On these grounds, he seeks for dismissal of the appeal. 9. On a careful evaluation of the material on record, I find that there is no dispute about the accident that occurred on 17.02.2008. There is also no dispute that Anandkumar who was working as a conductor cum cleaner died in the said accident. Further, there is no dispute that he was an employee of the third respondent; in that, he was employed as a cleaner of the bus bearing Regn.No.KA-01-B-2009 which was duly insured with the appellant - Insurance Company. The dispute in this appeal is regarding the insurance coverage in respect of the cleaner of the offending bus.
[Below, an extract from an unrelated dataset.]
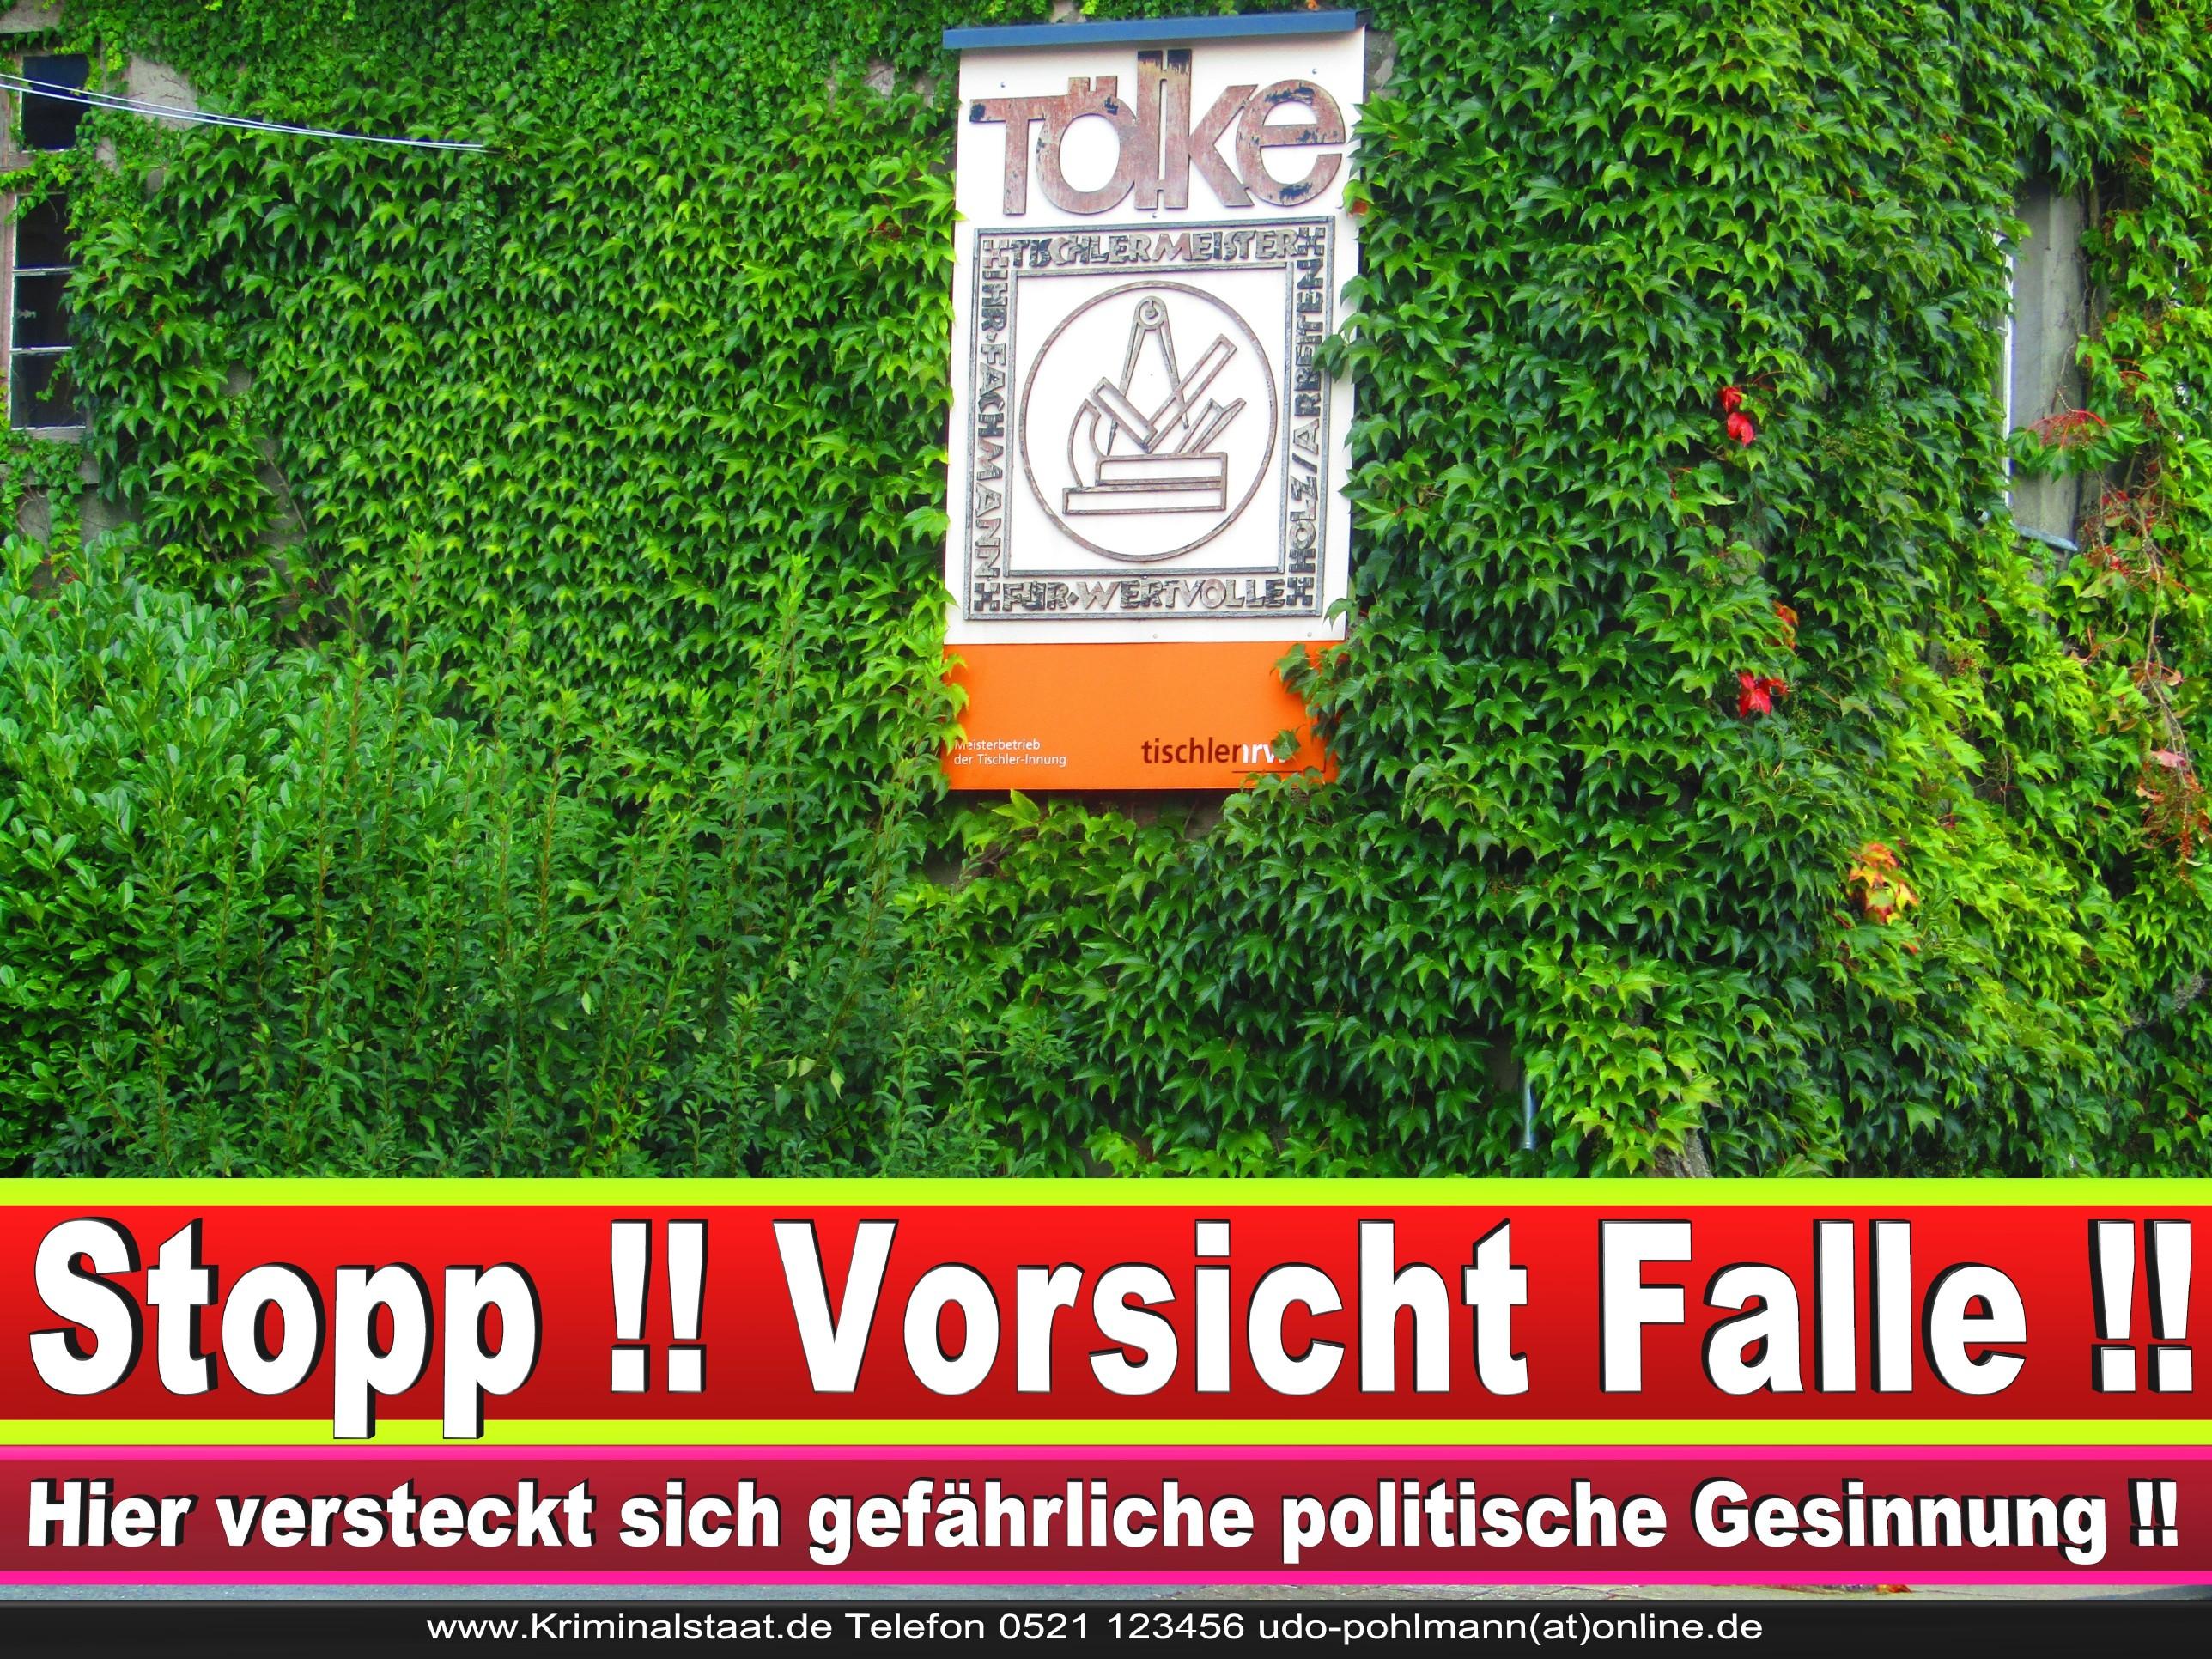 TISCHLEREI TOELKE CDU BIELEFELD TÖLKE 3 LANDTAGSWAHL BUNDESTAGSWAHL BÜRGERMEISTERWAHL

An examination of the Insurance Policy Exhibit R1 discloses that the policy was in force and an additional premium was paid to cover the risk of 'two employees'. The policy does not indicate the said two employees to be 'driver' and 'conductor'. It is not in dispute that the cleaner was also an employee. Hence, it is clear that the policy covers the risk of the 'cleaner' as well. Hence, I find no fault in the order passed by the Compensation Commissioner fastening the liability on the Insurer to pay the compensation. Hence, there is no reason to interfere with the order passed by the Compensation Commissioner. The appeal stands rejected. Consequently, the award passed by the Compensation Commissioner is hereby confirmed. Office to draw the decree accordingly.